Input data:
━━━━━━━━

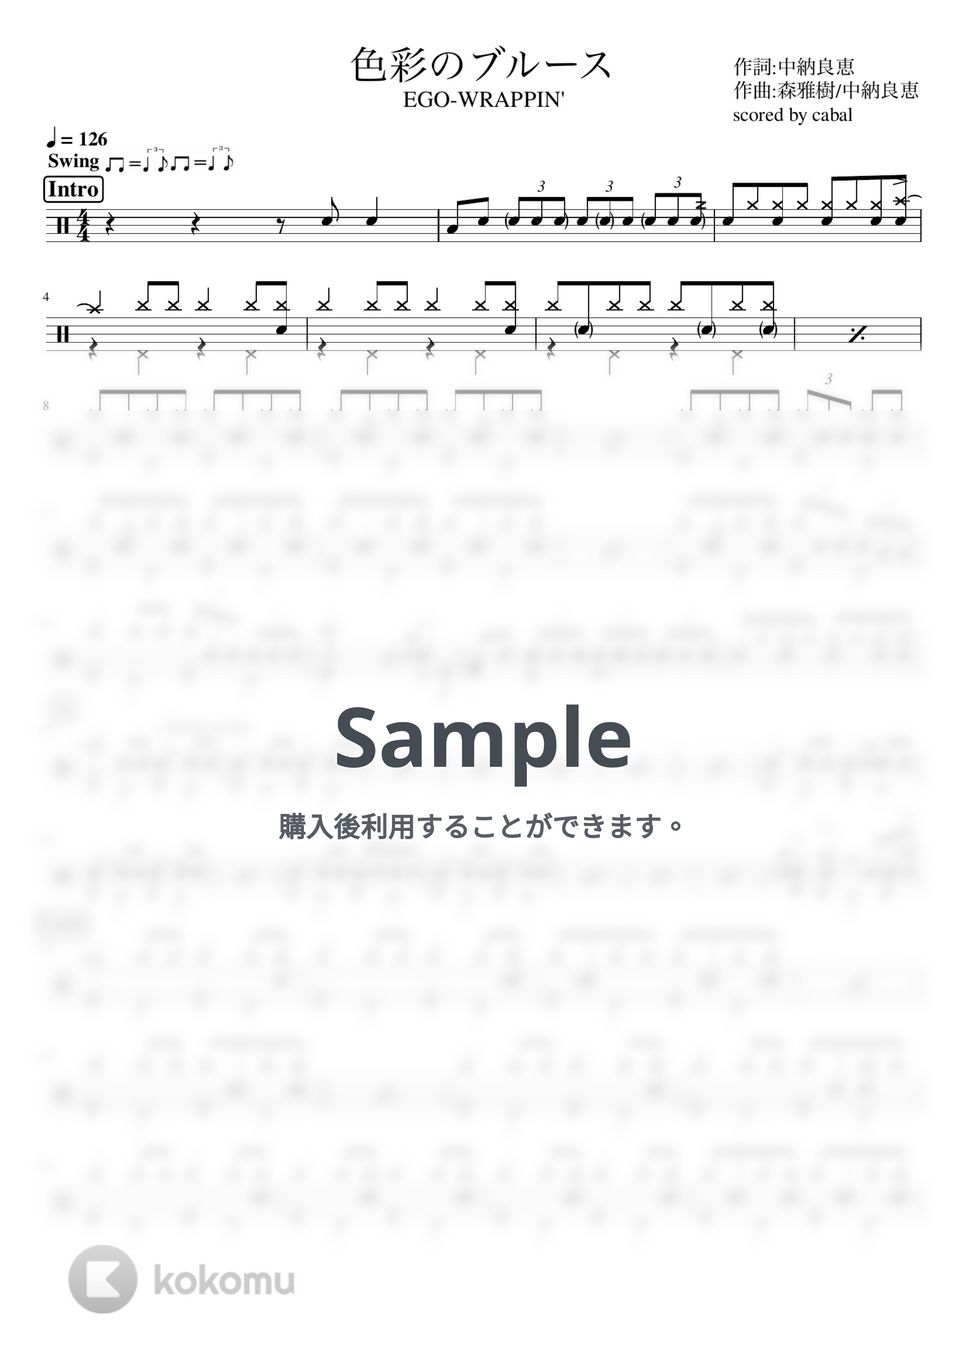 EGO WRAPPIN' - 色彩のブルース (ドラム譜面) by cabal
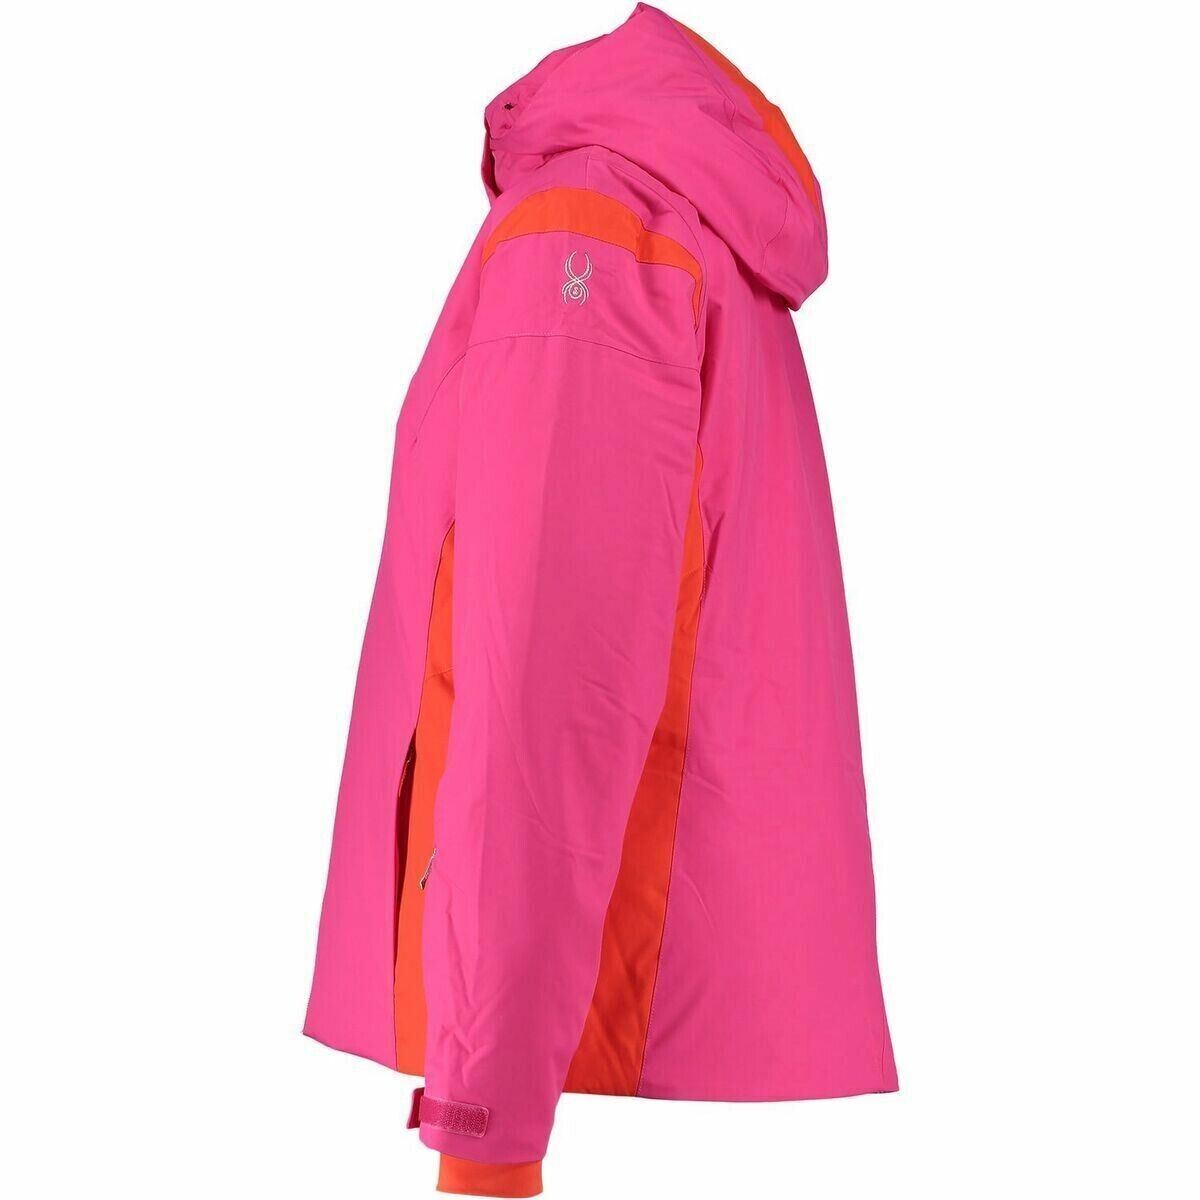 SPYDER Womens PREVAIL Ski Jacket, Pink/Orange, size UK 6
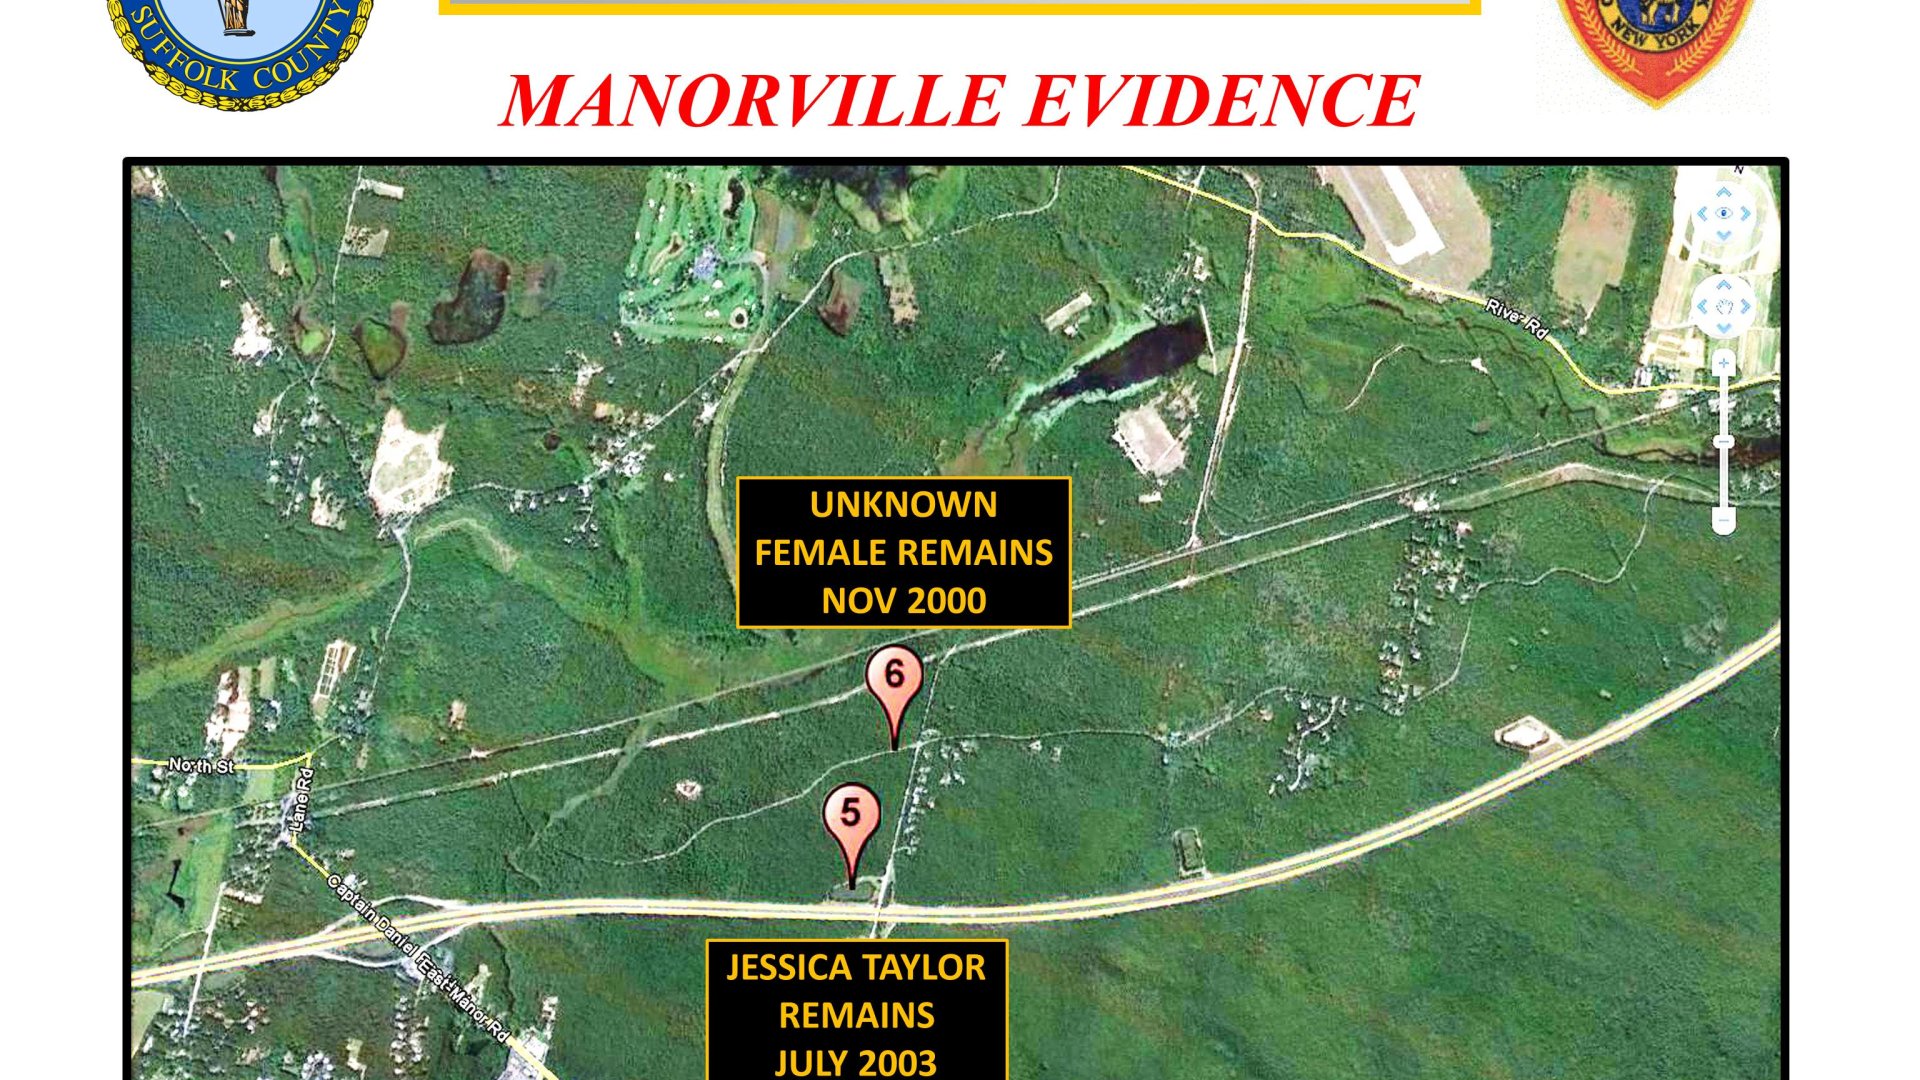 Manorville Evidence handout

━━━━━━━━

Work request:
Through to the final line, copy the material above exactly and skip the images.

Your response:
 EGO WRAPPIN' - 色彩のブルース (ドラム譜面) by cabal
 SPYDER Womens PREVAIL Ski Jacket, Pink/Orange, size UK 6
 Manorville Evidence handout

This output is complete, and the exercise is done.